Dataset excerpt:
= Beginning of Section =
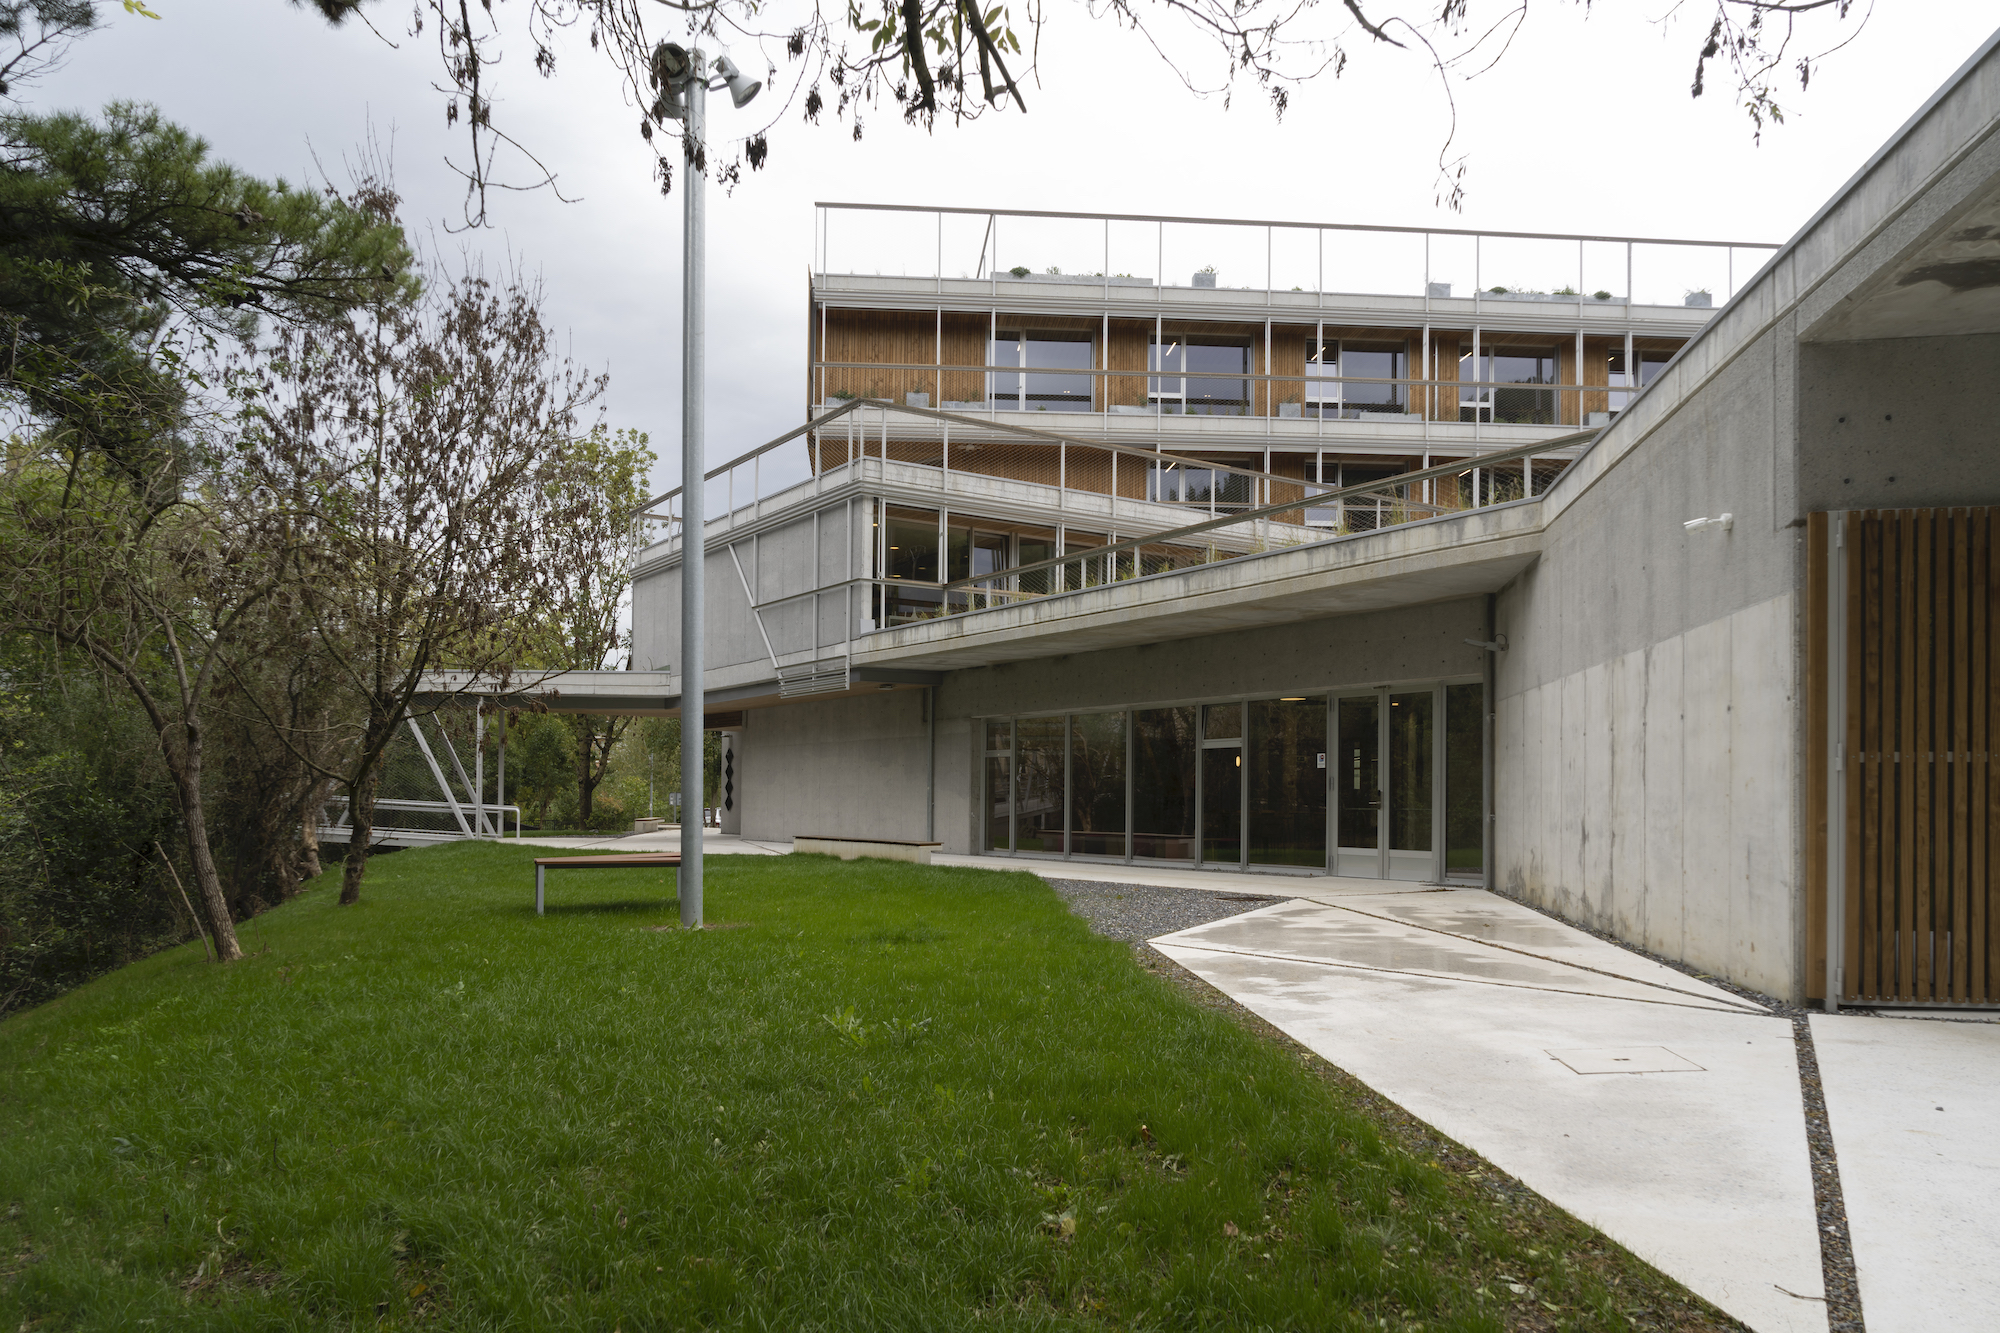 Reforma y ampliación del edificio Dorleta del campus de Eskoriatza de Mondragon Unibertsitatea
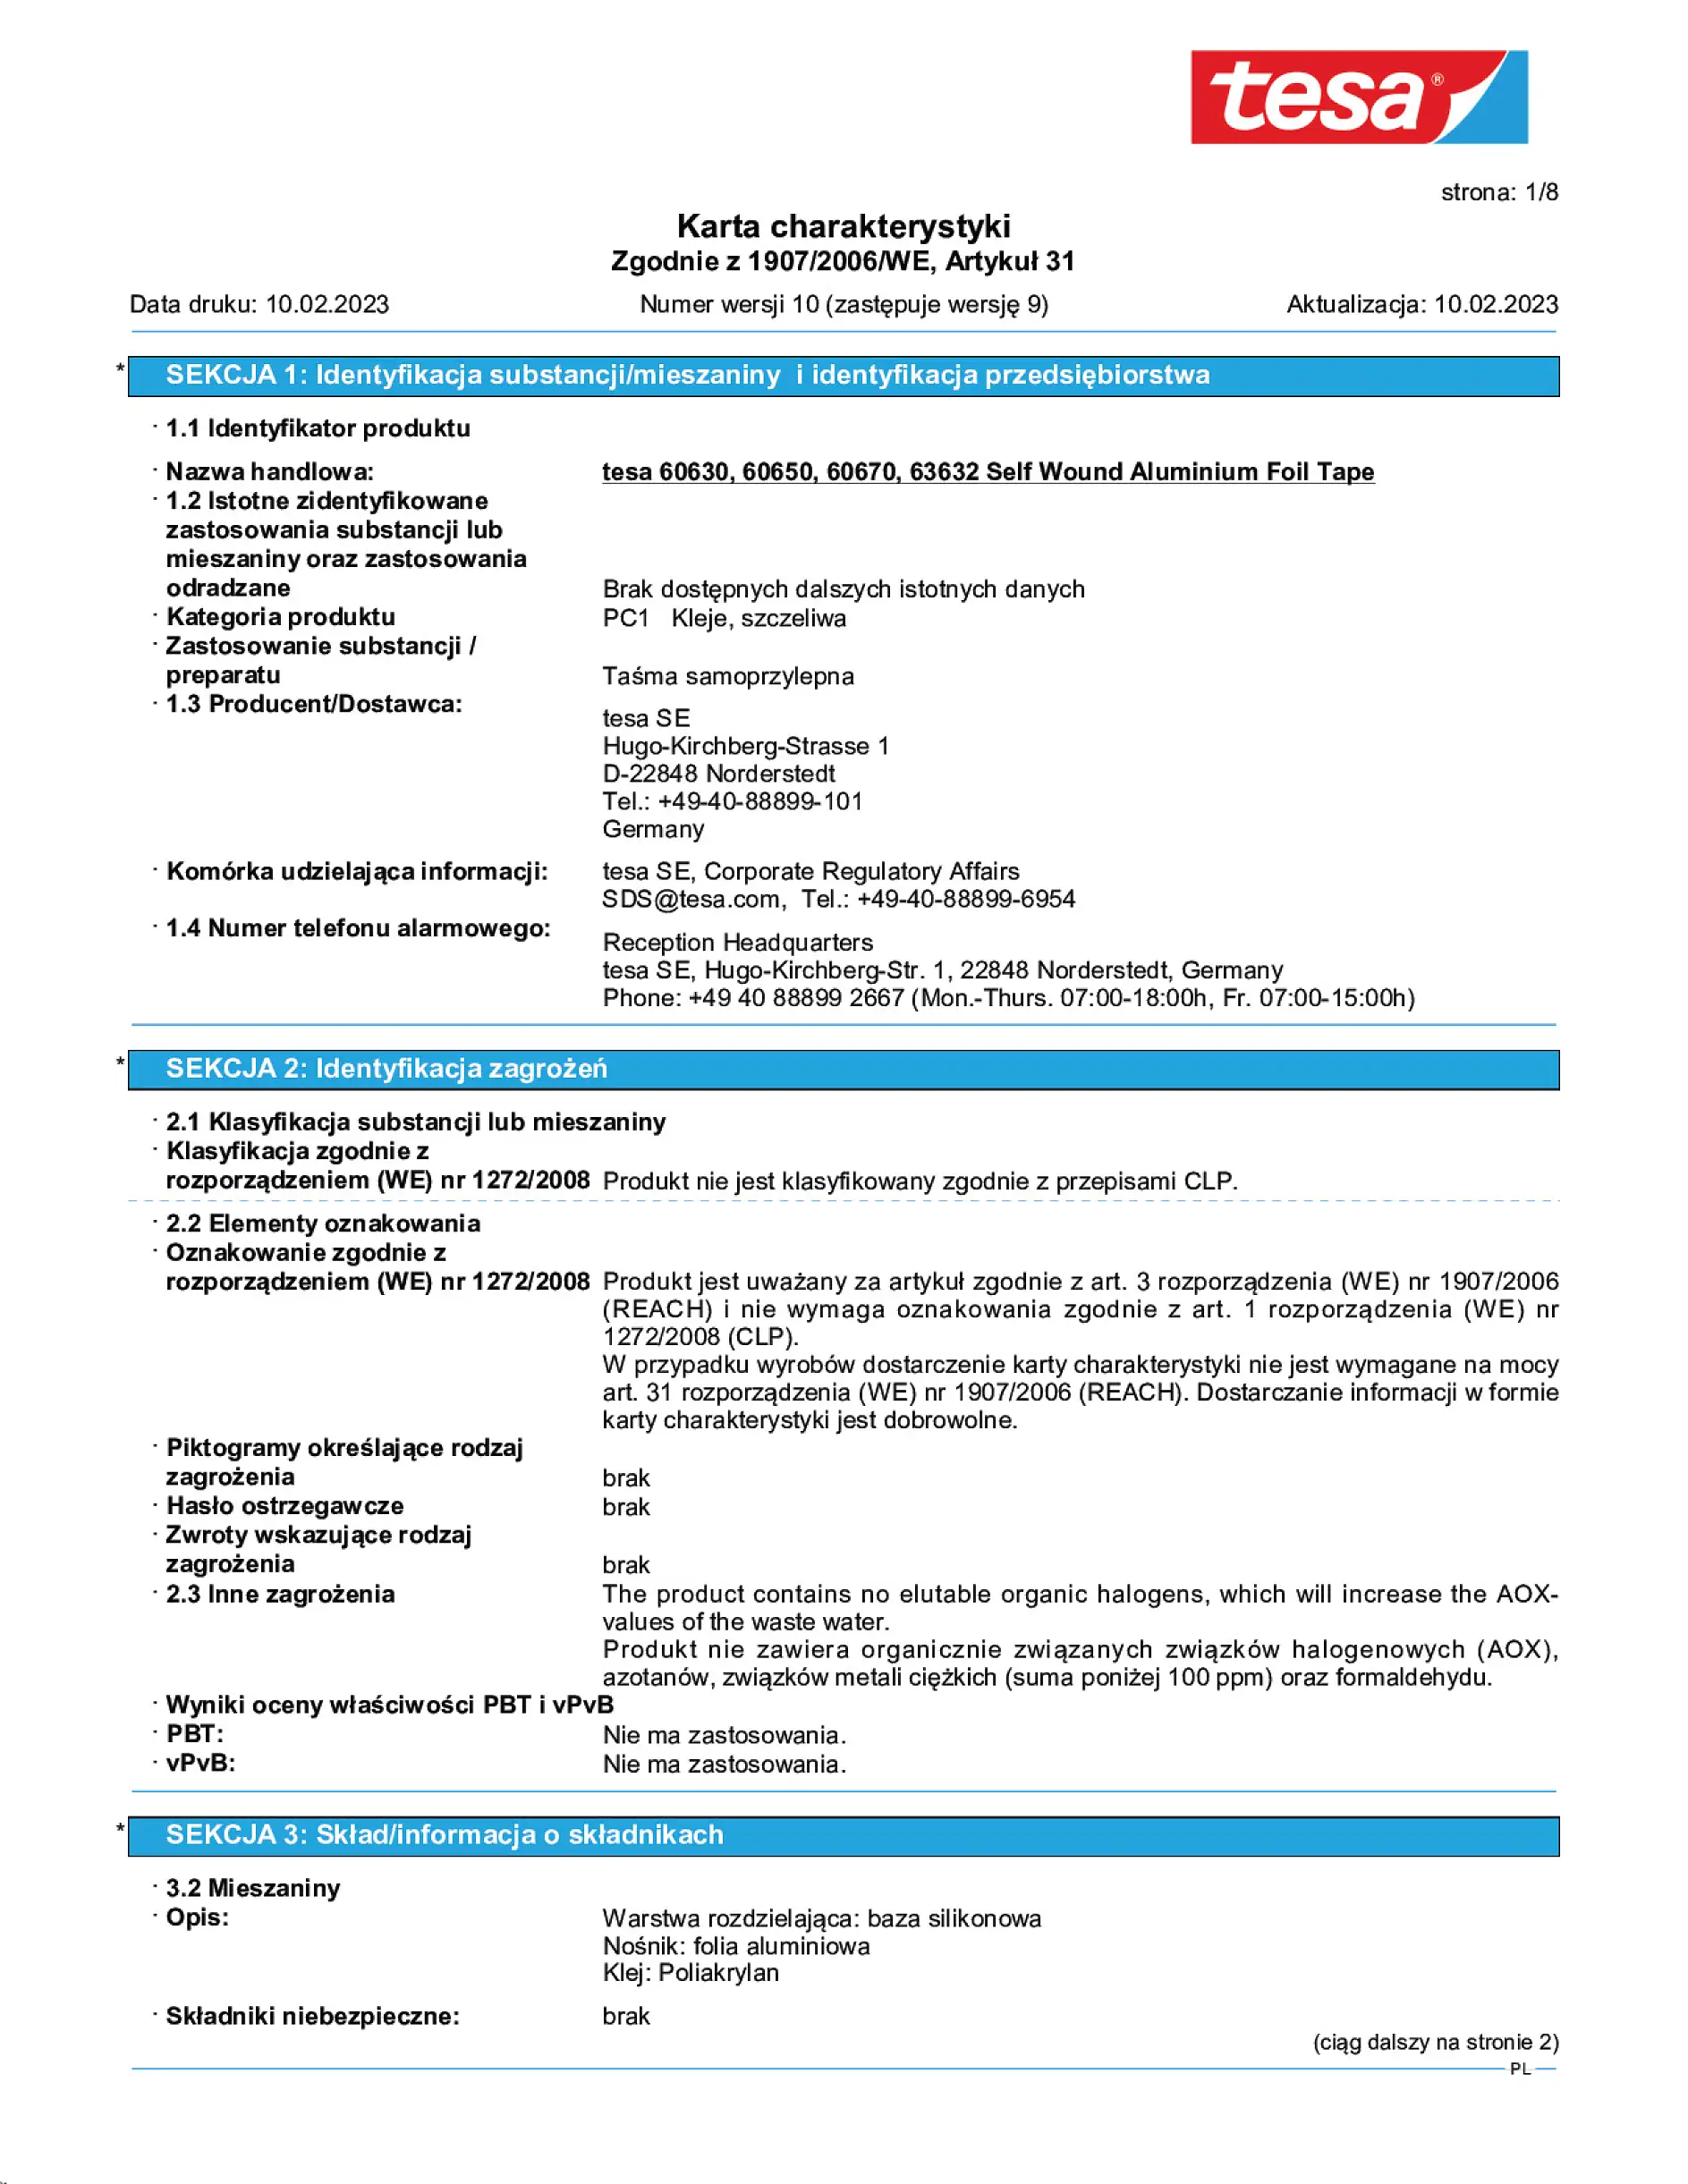 Safety data sheet_tesa® 60650_pl-PL_v10
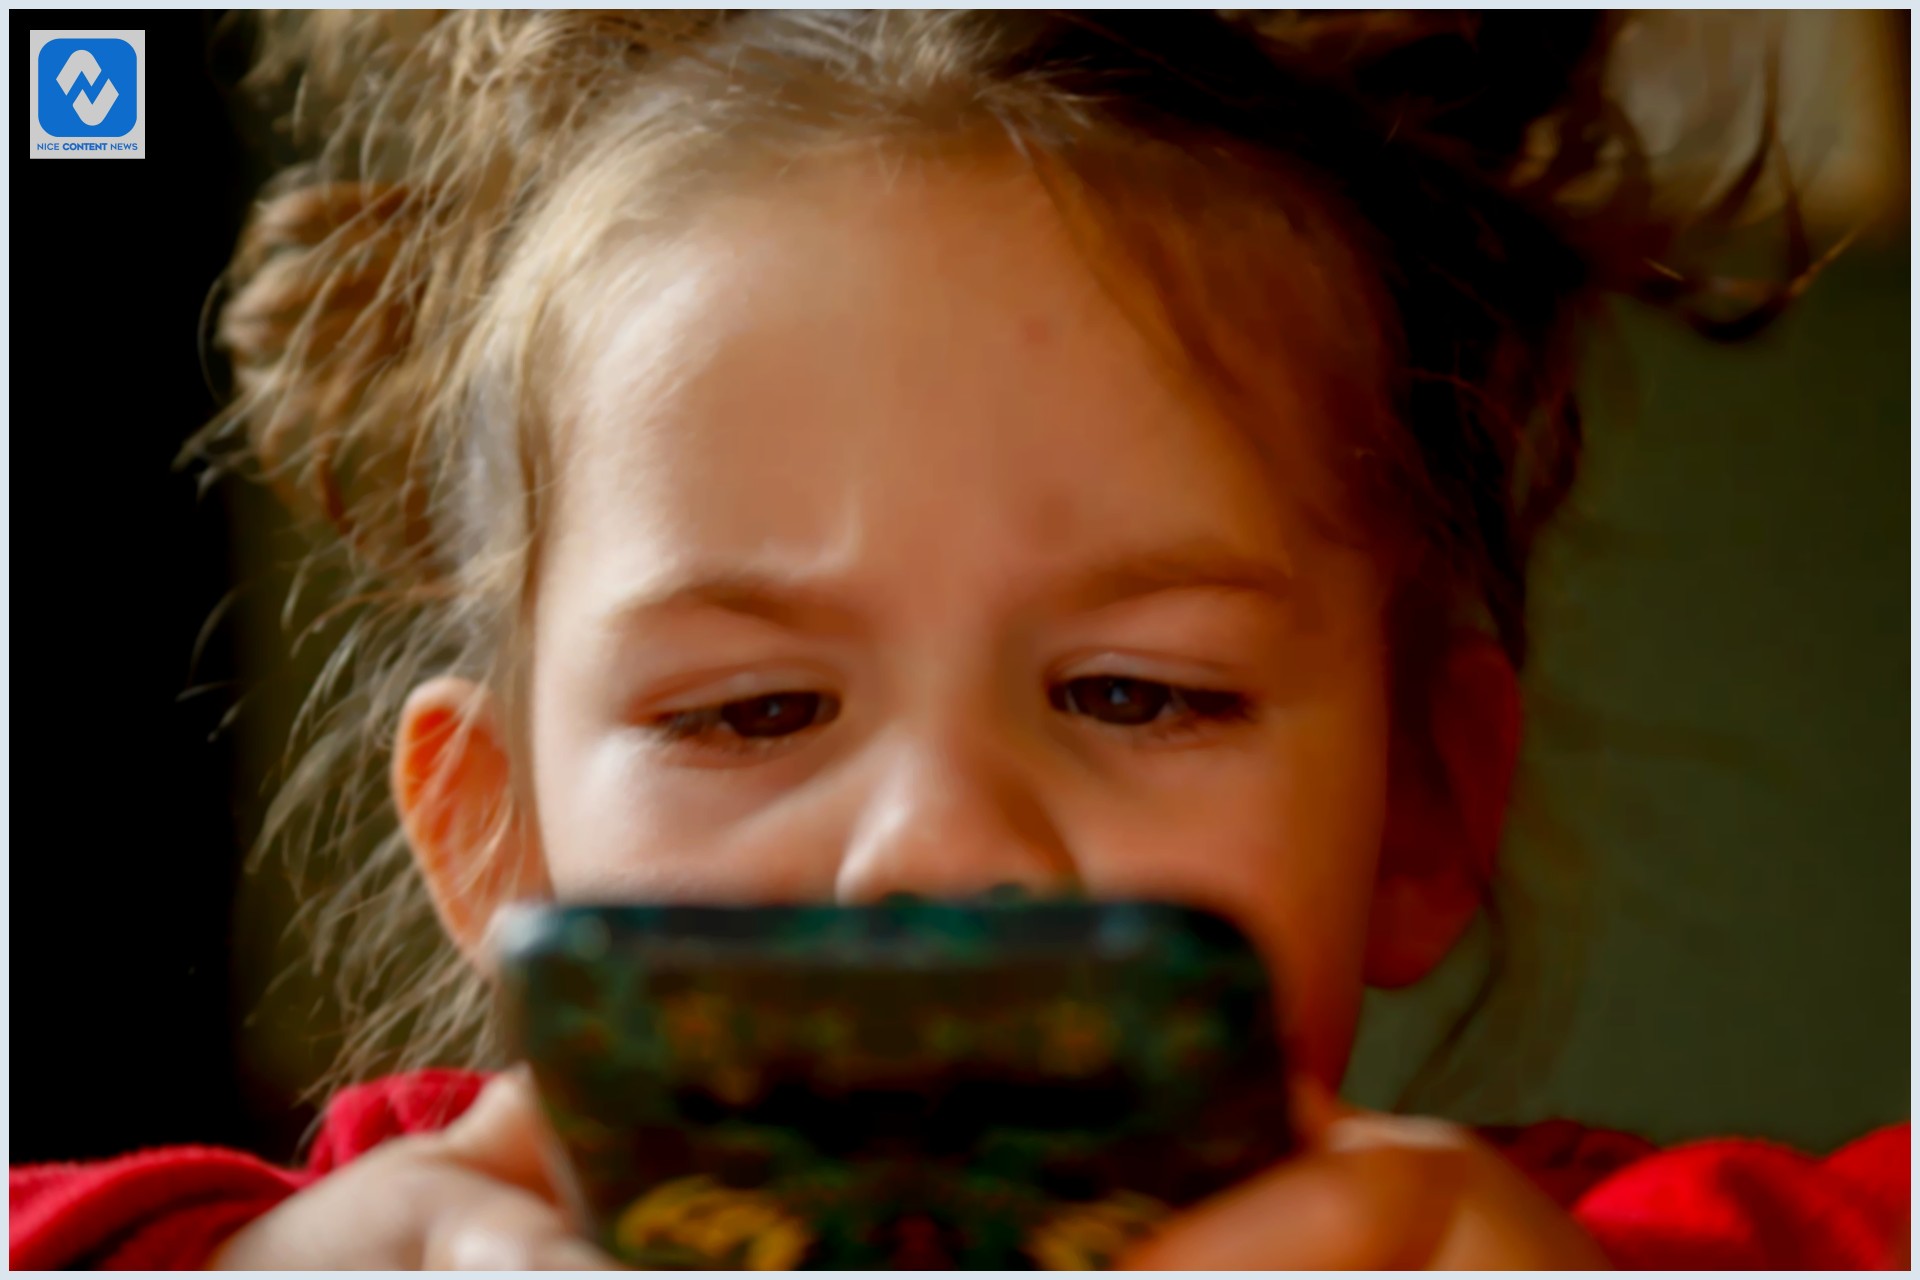 Criança mexendo em um celular
= End of Section =
What needs to be done: Please output the data above exactly as given, omitting every picture.

Result of the exercise:
 Reforma y ampliación del edificio Dorleta del campus de Eskoriatza de Mondragon Unibertsitatea
 Safety data sheet_tesa® 60650_pl-PL_v10
 Criança mexendo em um celular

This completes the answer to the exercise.